Shirobon
The Arcade Dream

Shirobon es el nombre artístico de Mikey Cordedda, un joven productor londinense apasionado por las sonoridades 8bit y chiptune. En sus temas y sets, además de su ordenador y sintetizadores, nunca falta una Game Boy. Shirobon experimenta con melodías y sintetizadores de los 80 que se mezclan con notas de videoconsola y ritmos frenéticos que, a la vez, lo aproximan al universo de los 90.

Portada de Disco, 2014. Digital. 12”

Cuando Mikey me contactó por primera vez, él había visto mi trabajo y quería que le hiciese el artwork del disco que estaba a punto de sacar, The Arcade Dream, yo diría que su trabajo dónde mejor se aprecia esa fusión de estilos.

Por aquel momento, yo estaba intentando dar un enfoque distinto a mis ilustraciones: me interesaba mantener el punto 80s y nostálgico, pero me apetecía trabajarlo des de una óptica más pop, fresca y desenfadada.

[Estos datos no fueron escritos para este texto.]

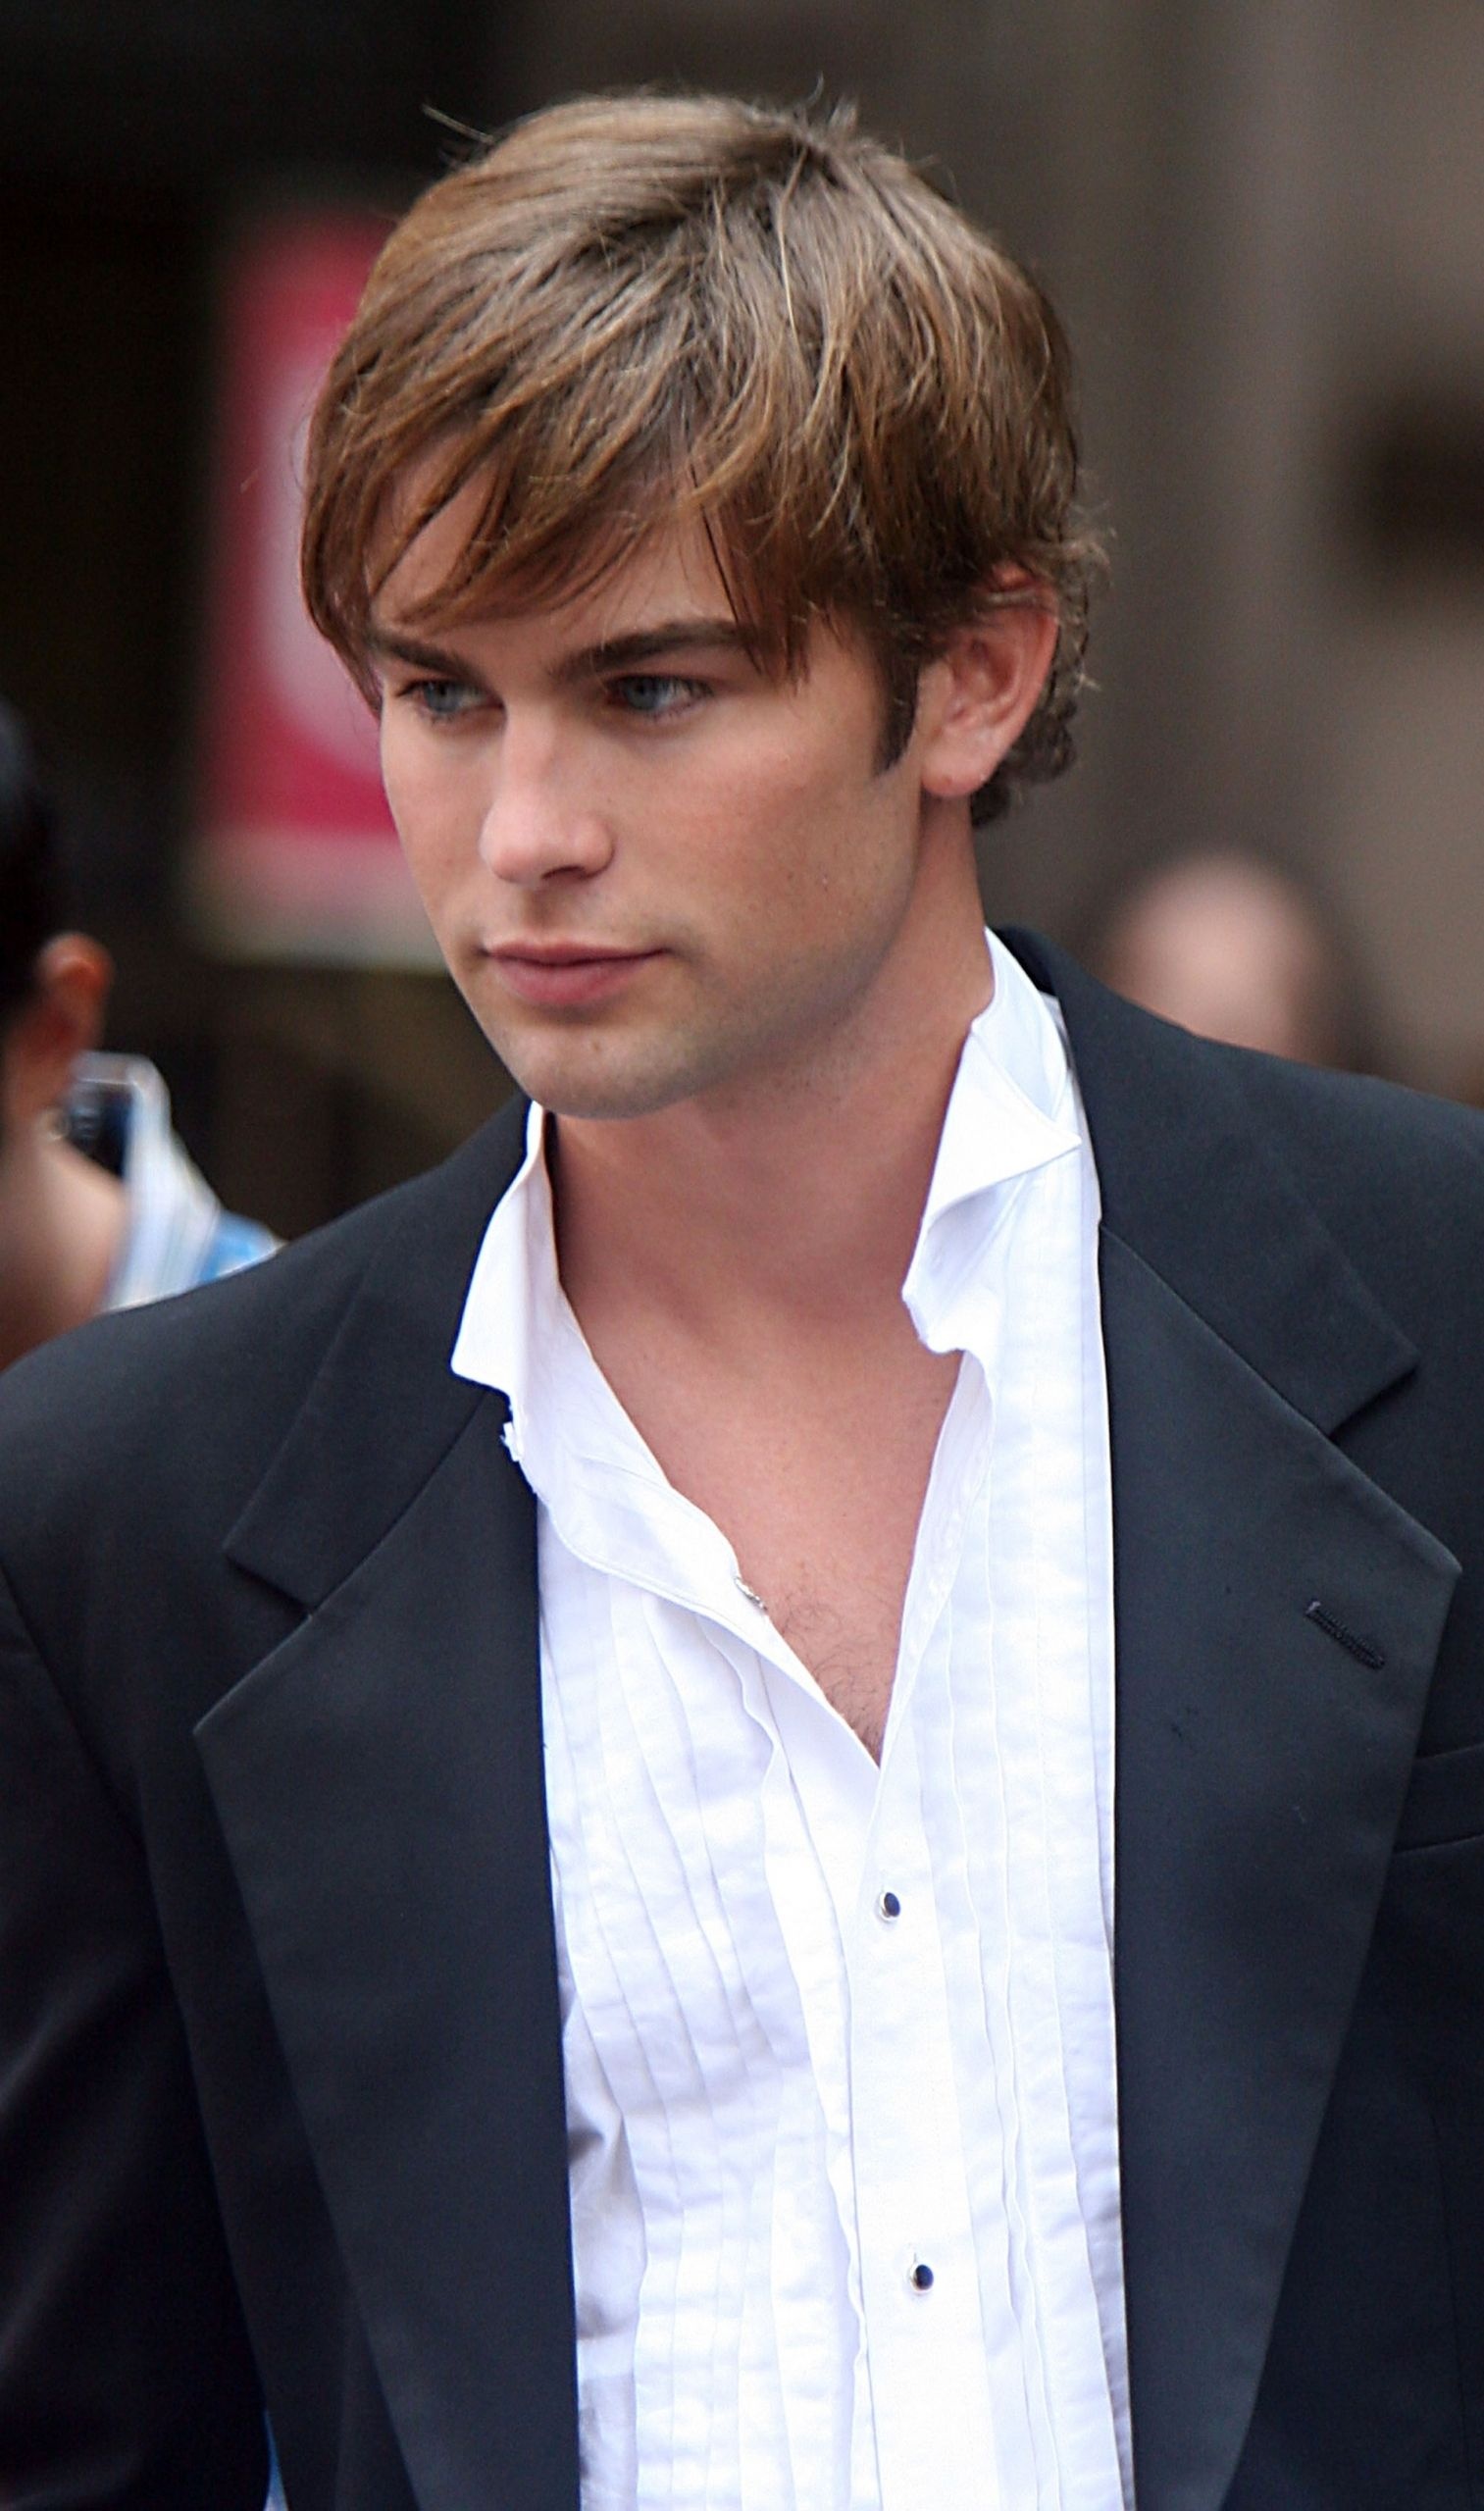 Chace Crawford: Nate Archibald, Gossip Girl TV series primary character, The CW network. 1520x2560 HD Wallpaper.

Así que le propuse trabajar en esa línea, que además cuajaba muy bien con el disco que él sacaba, por la mezcla de ingredientes de géneros distintos que mencionaba antes.

Referencias

En ese sentido, un referente claro en todos mis trabajos es Robert Abel, por su visión de la composición, el tratamiento del color, su universo visual y gráfica impecable. Considero que su estilo se podría llevar perfectamente a la actualidad y no perdería la frescura que tenía en los 80.

Así que, teniendo en cuenta ese background, empecé a esbozar ideas. Mikey tenía claro que quería que apareciera una máquina recreativa; fue la única directriz que me dio. Tras esbozar varias ideas y estudiar previamente la composición, empecé a trabajarlo digitalmente. Fue una ilustración con un trabajo de depuración constante: había muchas posibles ideas y elementos que quería meter, pero al final opté por dejar sólo lo imprescindible.

Para la contra, quería algo sencillo y muy limpio a nivel de composición. Me gustaba la idea del individuo frente a la inmensidad y belleza de un espacio/paisaje, que además ayudaba a darle el puntito épico al asunto. La contra, además, acabó teniendo versión gif.

Shirobon
Infinity

En el último trabajo de Shirobon, Infinity, Mikey volvió a sus raíces: todo volvía a sonar mucho chiptune que en el anterior disco y, aunque sigue ahí, el punto 80s se diluía bastante más que en este caso.

En esta ocasión, él me dio carta blanca para hacer lo que quisiera. Pero desde un principio tuvimos claro que ese cambio sonoro tenía que verse reflejado en el artwork del disco: buscar algo más actual, más directo, pero sin perder algunos de los ingredientes clave, como el punto nostálgico, épico y fantástico.

Quería trabajar con un solo elemento, que simbolizara la idea de “infinito”; ese elemento sería el protagonista de la portada. Con lo cual, tenía muy claro que prescindiría de fondos y de escenarios para buscar algo mucho más limpio y directo que en el anterior disco. Tras un buen brainstorming, llegué a la conclusión que el pegaso era una buena forma de expresar la infinidad (al tratarse de un ser immortal) y además le añadía el punto de fantasía que en este proyecto se requería.

Referencias

Decidí, finalmente, convertir el pegaso en una especie de recipiente que guarda una escena: un personaje que avanza hacia el horizonte, en busca de una nueva aventura. De esa forma, conectaba un poco mejor con el universo que había trabajado anteriormente en The Arcade Dream. Para la contra, nuevamente, seguí la misma fórmula, que en el primer disco.

A nivel estético, el color tenía que ser muy importante, al igual que la técnica. Me inspiré en series de animación de principios de los 90 y en algunos artistas de los 80s que tenían una técnica característica, como Stanislaw Fernandes, artista que me fascina totalmente.